I want to put as much data into a database as quickly as I can, which is a lot of data that is continually coming in (around 10,000 a minute, and rising). I now use prepared insert statements, but I'm considering switching to the SqlBulkCopy class to import the data in bigger batches.
The issue is that I'm not inserting into a single database; rather, the data item's components are spread over many tables, and other rows that are simultaneously inserted utilize their identity fields as foreign keys. I am aware that bulk copies aren't intended to support such intricate inserts, but I am considering switching my identification columns (in this instance, bigints) for uniqueidentifier columns. Since I can know the IDs before the insert, I won't need to check for anything like SCOPE IDENTITY that is prohibiting me from utilizing bulk copy, and I'll be able to execute a few bulk copies for each table as a result.
Is this a workable option, or might there be additional problems I could run into? Or is there an other method I can fast enter data while still using bigint identification columns?

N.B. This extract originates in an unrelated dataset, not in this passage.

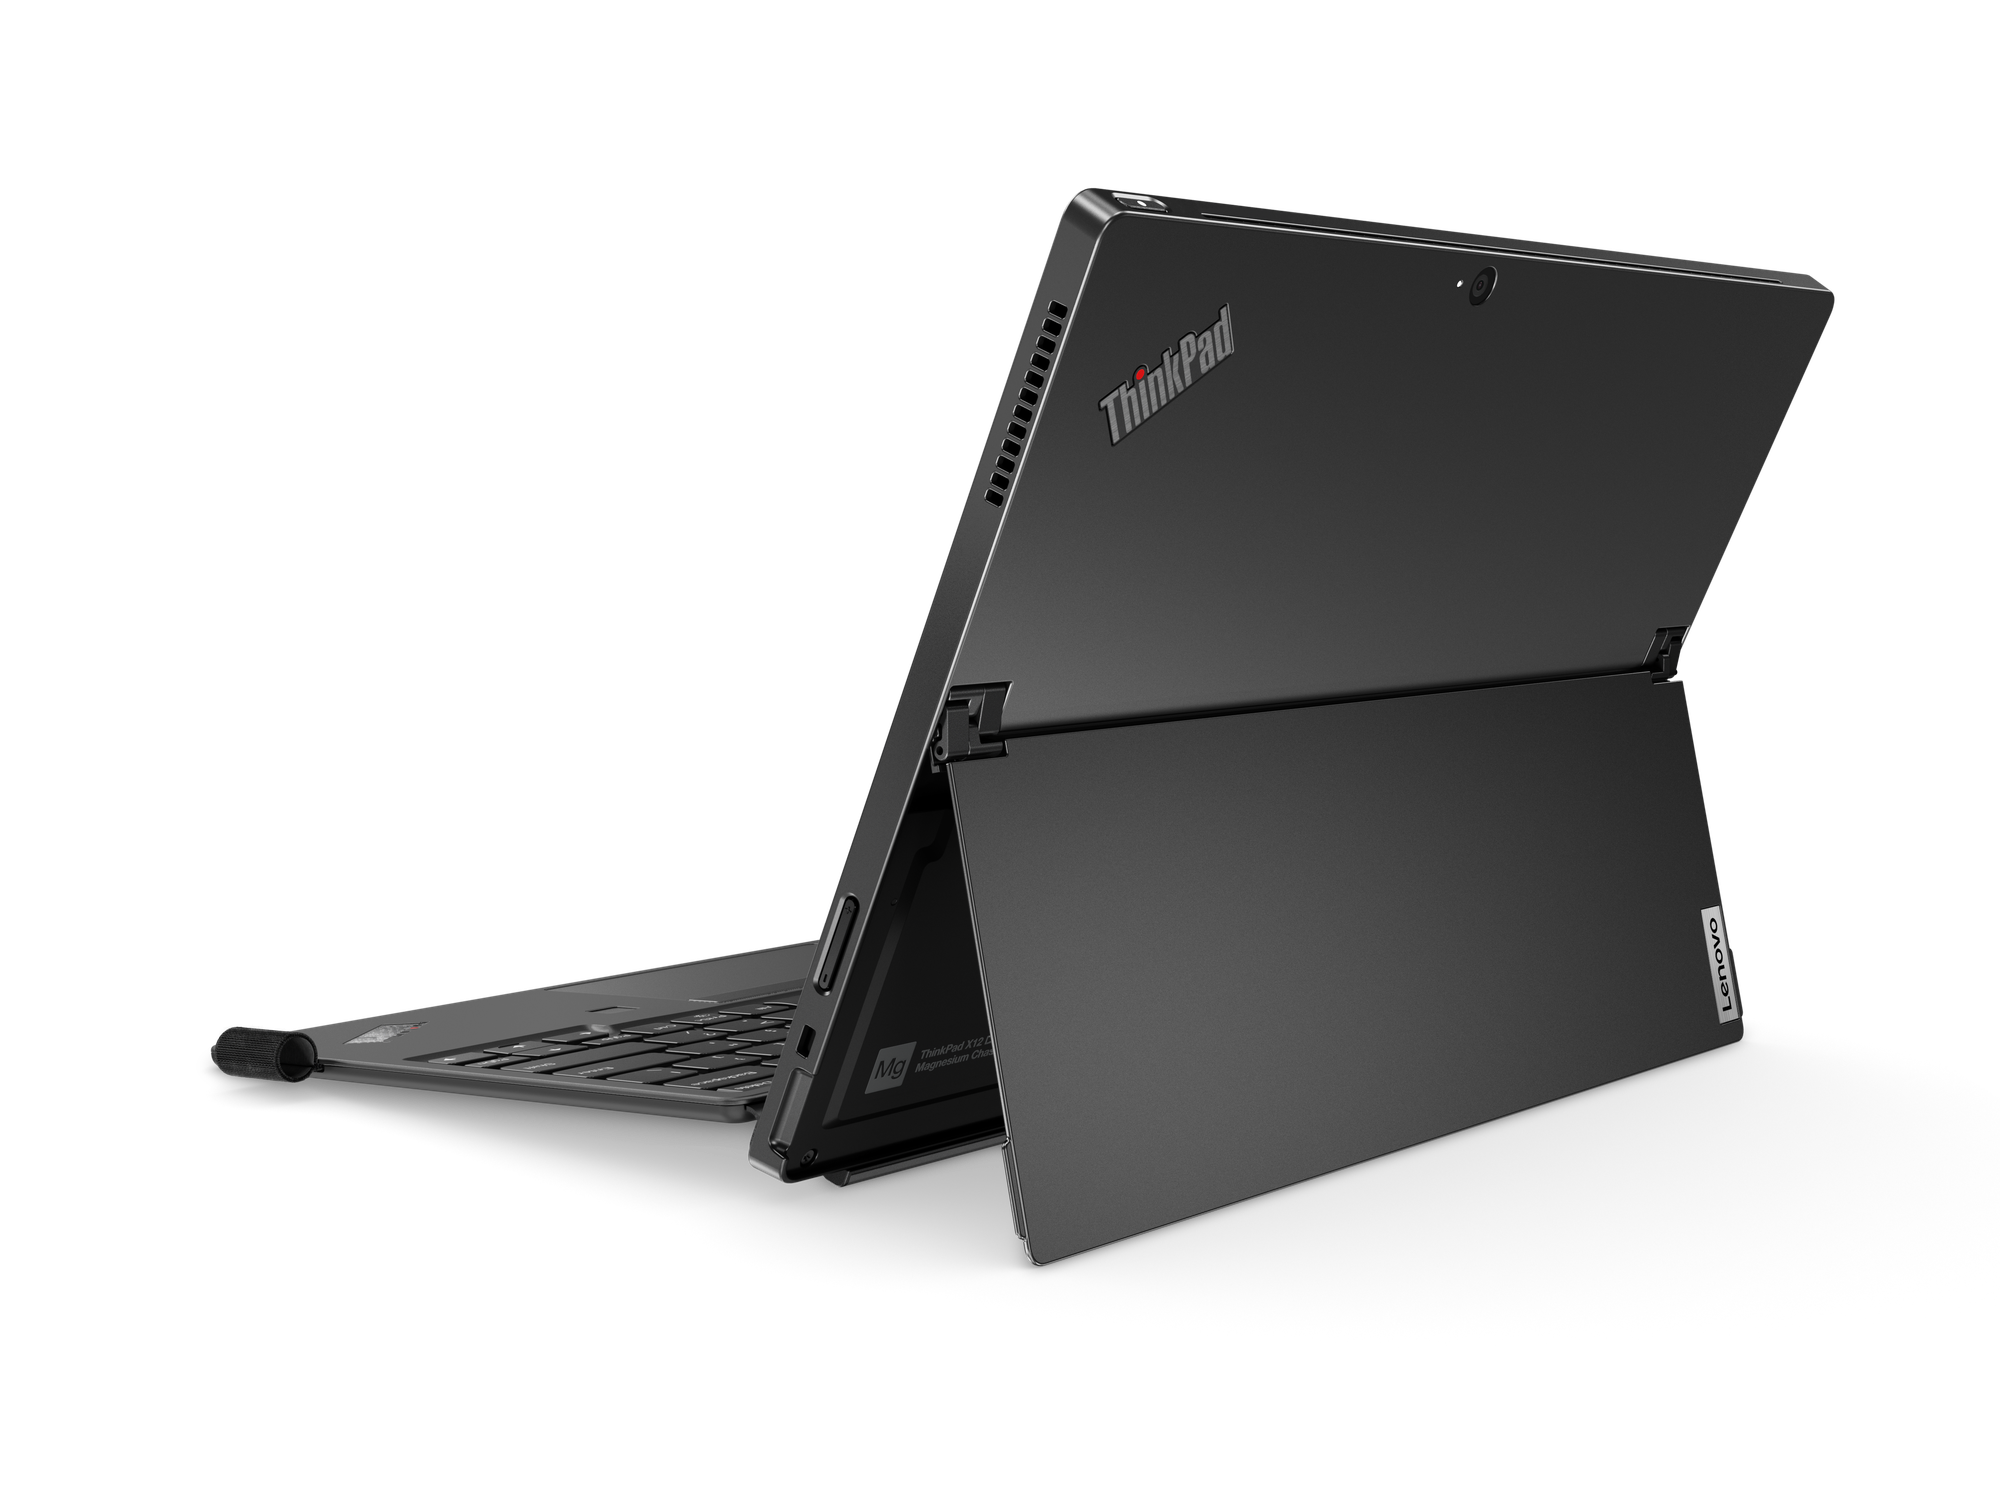 04 ThinkPad X12 Detachable Hero rear facing right

It seems that you want to switch the approach from "SQL assigns a [bigint identity() column] surrogate key" to "data prep procedure creates a GUID surrogate key." In other words, the key will be assigned outside to SQL rather than internally. In light of your volume, if the data-generating process assigned a surrogate key, I'd go with it without a doubt.
It therefore becomes an issue of whether you must utilize GUIDs or if your data production process can generate auto-incrementing integers. It's difficult to design a procedure like this that functions consistently and without error (which is one of the reasons you pay money for SQL Server), but the cost of smaller, easier-to-understand keys in the database could be worth it.
Page splits and wider will certainly make matters worse; use of uniqueidentifier. watch zzz-5 zzz
If your load can/is batched, you have the following options:
Peak row counts of about 50k occur sometimes (and increasing this way). In order to prevent duplicate transaction log writes, we really utilize a separate staging database.)